> _Assignment_: Restate all of the following data exactly, keeping any images out of the copy.

> _Supplied information_:
━━━━

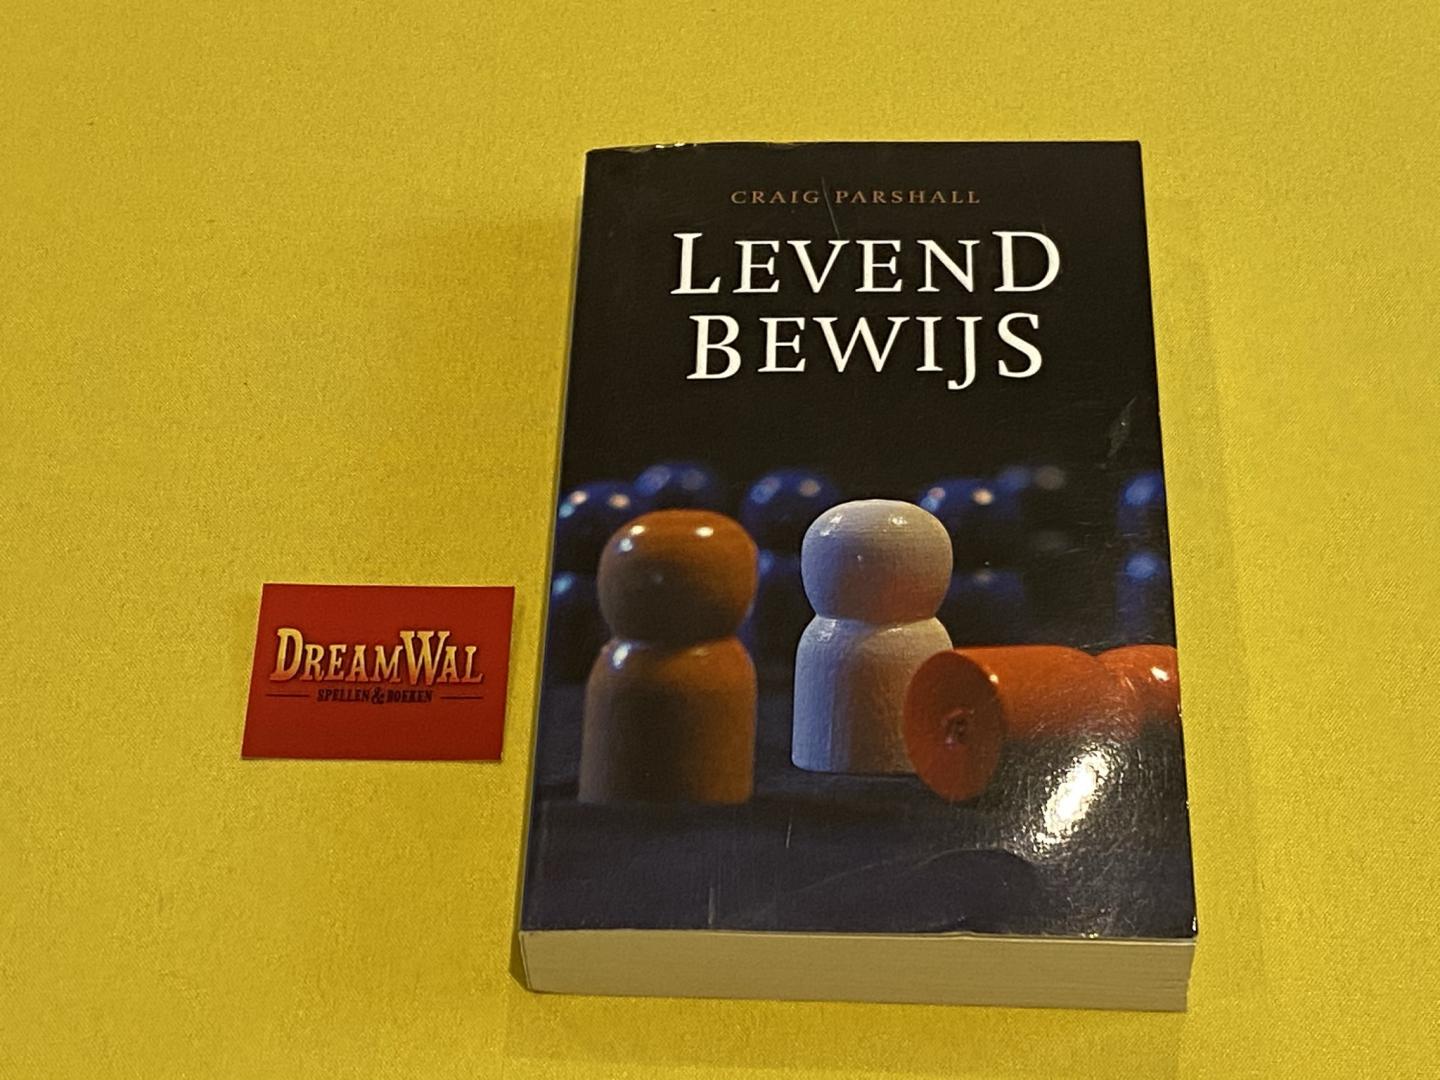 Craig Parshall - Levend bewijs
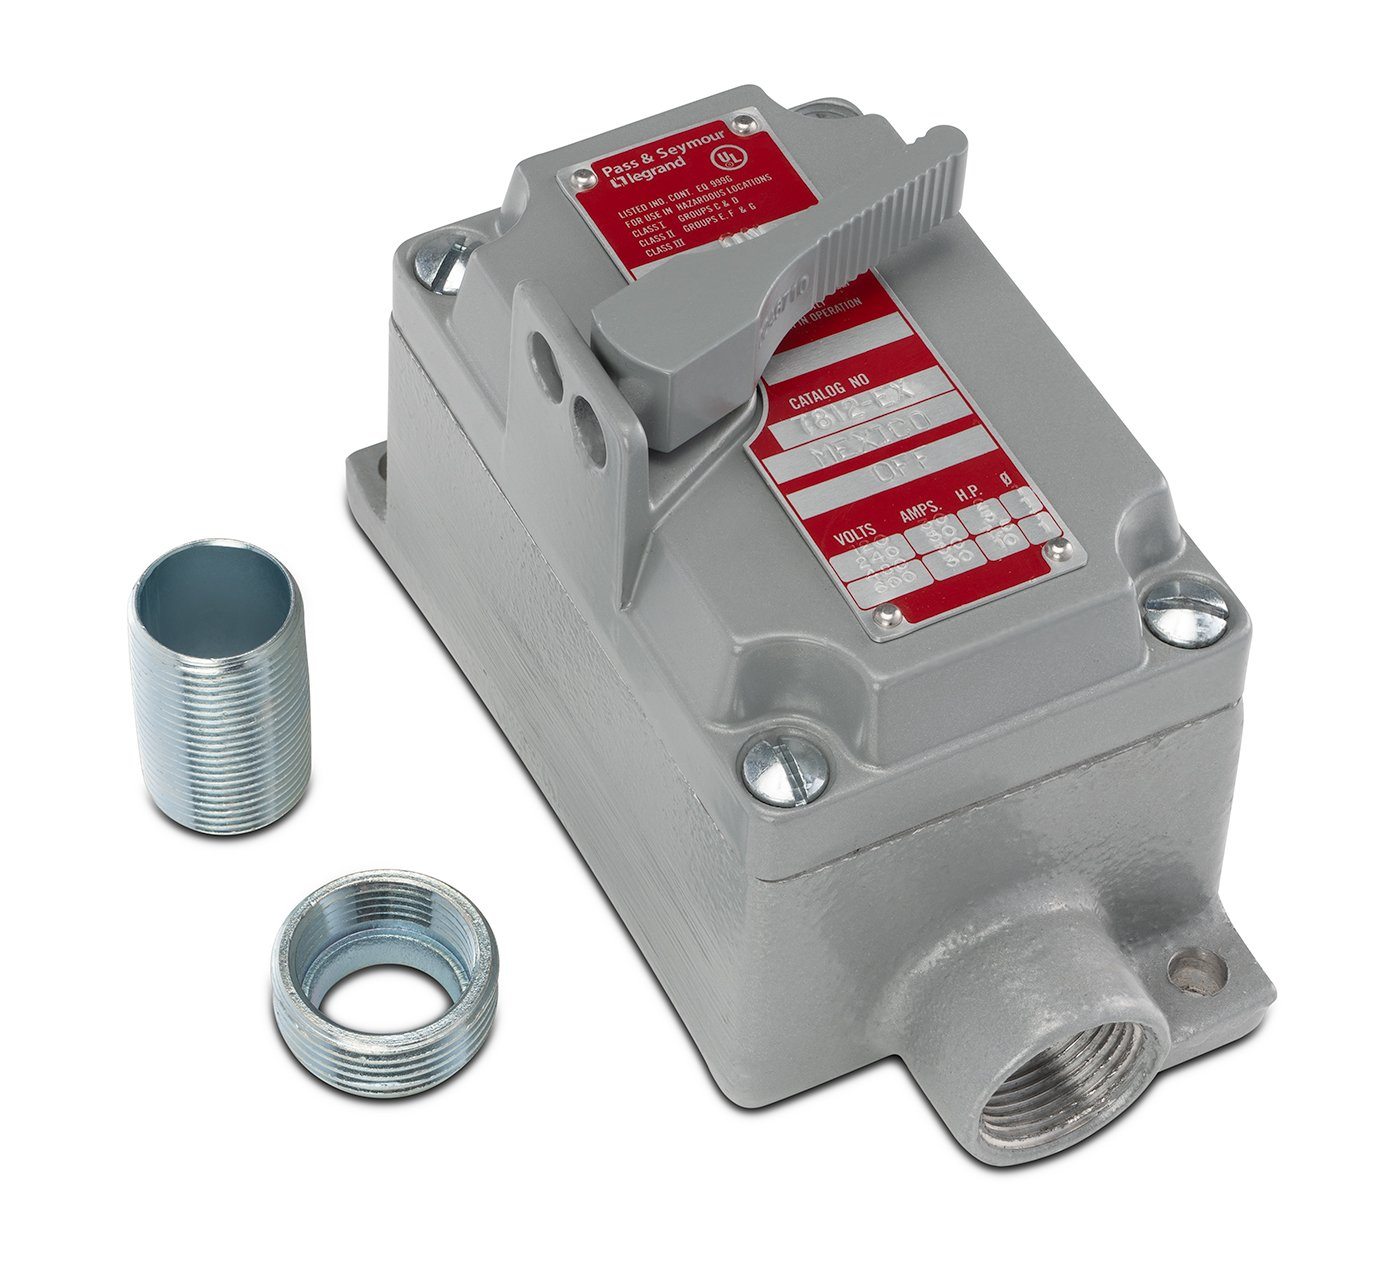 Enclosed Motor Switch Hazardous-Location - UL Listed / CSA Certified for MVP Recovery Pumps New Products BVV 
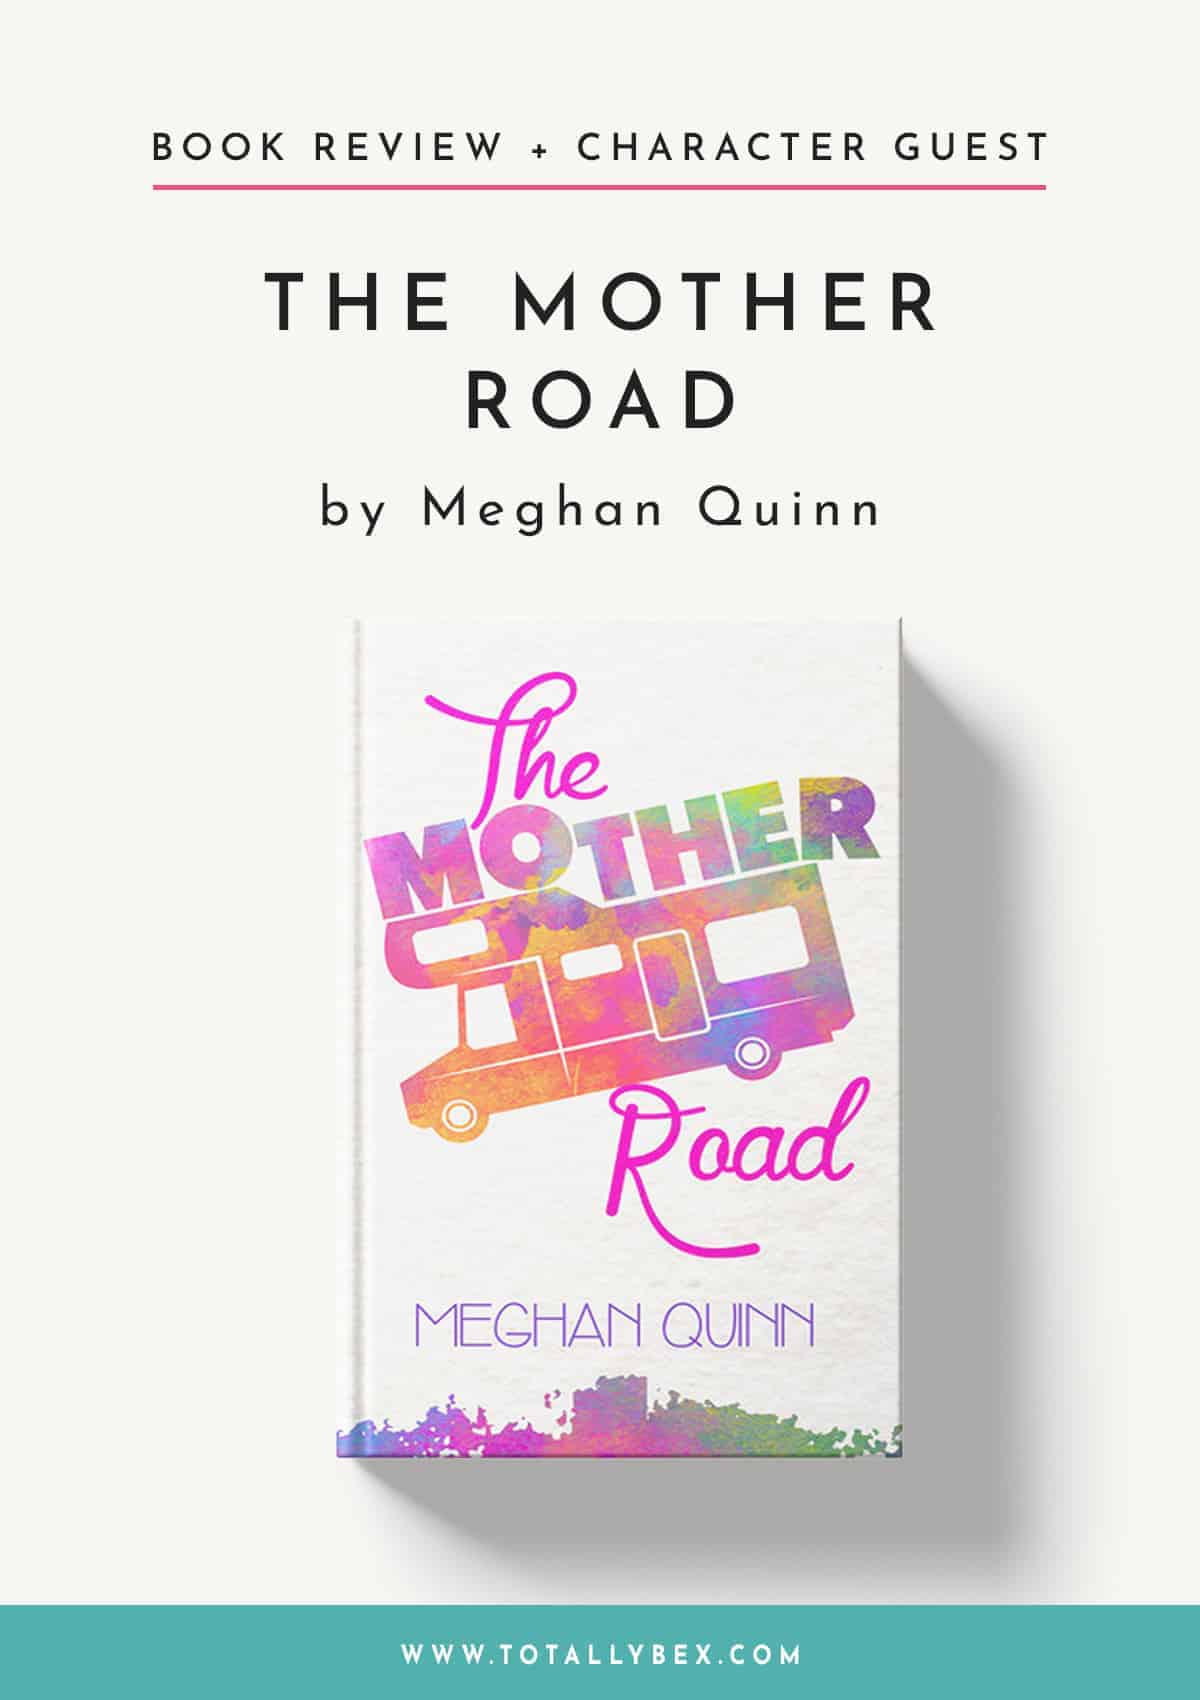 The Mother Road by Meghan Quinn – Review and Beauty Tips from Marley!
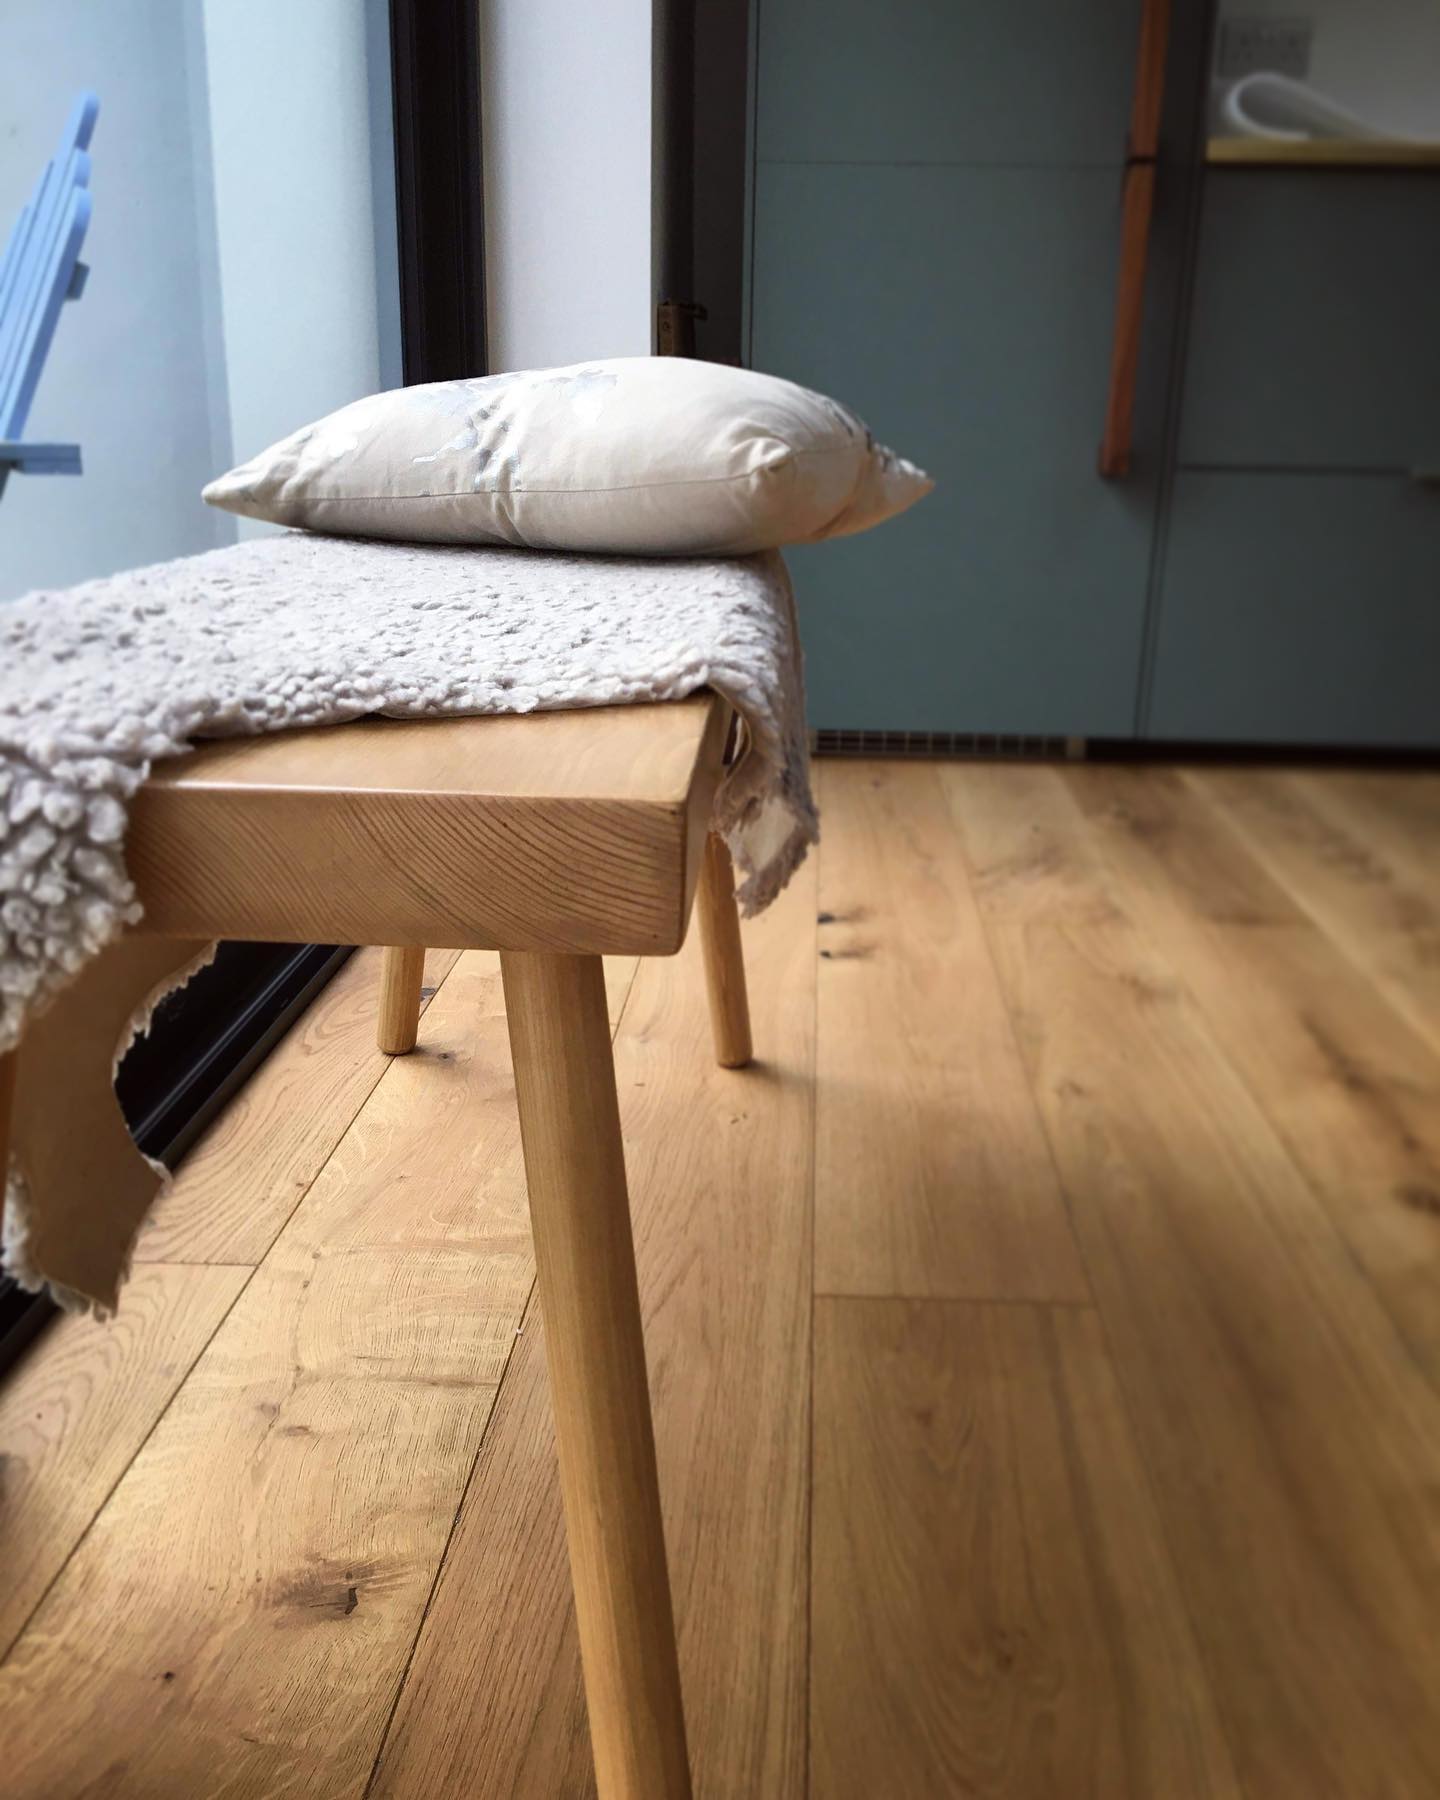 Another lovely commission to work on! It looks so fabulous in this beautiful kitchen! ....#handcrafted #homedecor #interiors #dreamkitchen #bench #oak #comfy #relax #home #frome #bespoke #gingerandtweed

━━━━

> _Exercise result_:
 Craig Parshall - Levend bewijs
 Enclosed Motor Switch Hazardous-Location - UL Listed / CSA Certified for MVP Recovery Pumps New Products BVV 
 The Mother Road by Meghan Quinn – Review and Beauty Tips from Marley!
 Another lovely commission to work on! It looks so fabulous in this beautiful kitchen! ....#handcrafted #homedecor #interiors #dreamkitchen #bench #oak #comfy #relax #home #frome #bespoke #gingerandtweed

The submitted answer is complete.